● **INSTRUCTIONS TO FOLLOW**:
Instruction for the data below: set down exactly the lines from the line with "Talk Memory - Badbadnotgood - Vinyl" to the line with "Jeffree Star Cosmetics", inclusive, and no others.

BEGIN DATA FOR ANALYSIS

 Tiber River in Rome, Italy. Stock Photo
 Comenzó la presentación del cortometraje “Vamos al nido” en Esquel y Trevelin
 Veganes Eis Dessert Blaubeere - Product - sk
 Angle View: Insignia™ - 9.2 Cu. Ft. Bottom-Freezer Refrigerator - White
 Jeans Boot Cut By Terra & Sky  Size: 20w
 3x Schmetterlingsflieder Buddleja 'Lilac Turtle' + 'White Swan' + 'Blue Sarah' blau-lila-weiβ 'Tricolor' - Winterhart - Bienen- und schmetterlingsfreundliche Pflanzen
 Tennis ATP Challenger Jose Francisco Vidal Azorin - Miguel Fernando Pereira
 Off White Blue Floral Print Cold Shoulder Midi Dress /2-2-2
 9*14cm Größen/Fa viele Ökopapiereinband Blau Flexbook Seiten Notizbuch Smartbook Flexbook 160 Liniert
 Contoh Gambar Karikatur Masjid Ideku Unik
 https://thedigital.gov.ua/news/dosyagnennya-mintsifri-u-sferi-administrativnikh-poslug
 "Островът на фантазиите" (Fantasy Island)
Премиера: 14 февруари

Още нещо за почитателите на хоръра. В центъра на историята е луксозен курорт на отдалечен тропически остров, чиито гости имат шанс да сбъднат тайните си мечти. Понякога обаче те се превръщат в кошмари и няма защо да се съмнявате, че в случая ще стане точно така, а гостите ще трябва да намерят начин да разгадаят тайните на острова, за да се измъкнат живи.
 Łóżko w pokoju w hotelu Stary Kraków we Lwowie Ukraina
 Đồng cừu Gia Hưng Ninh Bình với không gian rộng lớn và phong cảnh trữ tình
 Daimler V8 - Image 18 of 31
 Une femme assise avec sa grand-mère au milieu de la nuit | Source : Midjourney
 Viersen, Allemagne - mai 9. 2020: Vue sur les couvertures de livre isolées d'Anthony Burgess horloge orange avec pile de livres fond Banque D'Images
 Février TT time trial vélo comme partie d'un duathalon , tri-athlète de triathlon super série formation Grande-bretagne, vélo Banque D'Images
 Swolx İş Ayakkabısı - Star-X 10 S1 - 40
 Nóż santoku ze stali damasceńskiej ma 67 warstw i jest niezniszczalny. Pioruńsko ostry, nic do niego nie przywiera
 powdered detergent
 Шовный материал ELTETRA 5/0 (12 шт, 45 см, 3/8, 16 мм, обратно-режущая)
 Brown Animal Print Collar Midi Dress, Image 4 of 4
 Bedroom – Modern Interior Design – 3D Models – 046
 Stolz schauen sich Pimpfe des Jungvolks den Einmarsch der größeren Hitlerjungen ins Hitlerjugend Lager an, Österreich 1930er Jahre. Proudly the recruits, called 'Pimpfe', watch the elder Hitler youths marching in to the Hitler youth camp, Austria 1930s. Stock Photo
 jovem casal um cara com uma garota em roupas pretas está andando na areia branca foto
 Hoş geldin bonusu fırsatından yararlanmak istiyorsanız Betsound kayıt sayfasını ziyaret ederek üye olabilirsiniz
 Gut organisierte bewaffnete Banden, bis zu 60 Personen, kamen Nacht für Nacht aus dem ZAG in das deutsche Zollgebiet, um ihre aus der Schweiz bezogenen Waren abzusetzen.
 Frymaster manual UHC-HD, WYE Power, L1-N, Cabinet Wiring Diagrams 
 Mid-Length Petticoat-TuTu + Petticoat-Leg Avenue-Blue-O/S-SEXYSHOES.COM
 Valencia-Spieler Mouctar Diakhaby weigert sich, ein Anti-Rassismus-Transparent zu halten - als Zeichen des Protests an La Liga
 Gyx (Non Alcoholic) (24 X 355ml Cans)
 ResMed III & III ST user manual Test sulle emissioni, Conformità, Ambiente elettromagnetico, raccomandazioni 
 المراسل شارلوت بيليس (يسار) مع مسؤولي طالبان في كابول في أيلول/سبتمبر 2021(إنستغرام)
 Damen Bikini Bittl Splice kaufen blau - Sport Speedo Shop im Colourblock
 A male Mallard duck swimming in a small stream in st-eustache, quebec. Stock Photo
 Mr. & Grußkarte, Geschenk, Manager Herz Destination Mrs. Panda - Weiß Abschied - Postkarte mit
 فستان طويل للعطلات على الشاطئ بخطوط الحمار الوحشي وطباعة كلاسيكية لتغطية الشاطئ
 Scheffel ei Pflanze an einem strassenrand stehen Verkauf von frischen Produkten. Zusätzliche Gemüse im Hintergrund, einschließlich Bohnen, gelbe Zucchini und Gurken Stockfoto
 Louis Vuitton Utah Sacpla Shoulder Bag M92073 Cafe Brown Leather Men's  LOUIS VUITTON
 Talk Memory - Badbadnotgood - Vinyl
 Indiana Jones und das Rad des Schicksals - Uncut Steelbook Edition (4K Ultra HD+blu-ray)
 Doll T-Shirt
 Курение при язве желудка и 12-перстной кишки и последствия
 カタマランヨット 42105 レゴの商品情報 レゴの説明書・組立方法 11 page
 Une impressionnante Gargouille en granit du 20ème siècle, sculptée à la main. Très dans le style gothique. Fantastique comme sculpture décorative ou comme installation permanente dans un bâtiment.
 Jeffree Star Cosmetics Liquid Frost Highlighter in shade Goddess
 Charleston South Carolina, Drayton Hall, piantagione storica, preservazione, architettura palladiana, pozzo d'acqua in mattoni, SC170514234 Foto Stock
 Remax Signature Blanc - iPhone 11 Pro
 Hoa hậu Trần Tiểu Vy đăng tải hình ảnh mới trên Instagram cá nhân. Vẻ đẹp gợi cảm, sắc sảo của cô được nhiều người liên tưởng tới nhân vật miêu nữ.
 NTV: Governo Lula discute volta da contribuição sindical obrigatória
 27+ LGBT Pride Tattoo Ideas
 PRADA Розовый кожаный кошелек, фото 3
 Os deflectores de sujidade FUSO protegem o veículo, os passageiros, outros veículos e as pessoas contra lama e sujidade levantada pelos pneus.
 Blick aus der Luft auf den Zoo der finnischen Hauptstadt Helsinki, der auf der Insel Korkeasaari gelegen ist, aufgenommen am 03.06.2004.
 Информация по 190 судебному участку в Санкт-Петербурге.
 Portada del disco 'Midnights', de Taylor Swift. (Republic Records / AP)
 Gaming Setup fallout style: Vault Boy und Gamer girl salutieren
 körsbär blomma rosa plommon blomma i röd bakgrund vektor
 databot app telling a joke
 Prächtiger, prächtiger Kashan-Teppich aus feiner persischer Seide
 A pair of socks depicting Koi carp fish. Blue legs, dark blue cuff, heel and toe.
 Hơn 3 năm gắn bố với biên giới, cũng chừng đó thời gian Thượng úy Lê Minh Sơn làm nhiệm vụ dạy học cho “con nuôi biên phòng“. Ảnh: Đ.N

END DATA FOR ANALYSIS

● **EXERCISE OUTPUT**:
 Talk Memory - Badbadnotgood - Vinyl
 Indiana Jones und das Rad des Schicksals - Uncut Steelbook Edition (4K Ultra HD+blu-ray)
 Doll T-Shirt
 Курение при язве желудка и 12-перстной кишки и последствия
 カタマランヨット 42105 レゴの商品情報 レゴの説明書・組立方法 11 page
 Une impressionnante Gargouille en granit du 20ème siècle, sculptée à la main. Très dans le style gothique. Fantastique comme sculpture décorative ou comme installation permanente dans un bâtiment.
 Jeffree Star Cosmetics Liquid Frost Highlighter in shade Goddess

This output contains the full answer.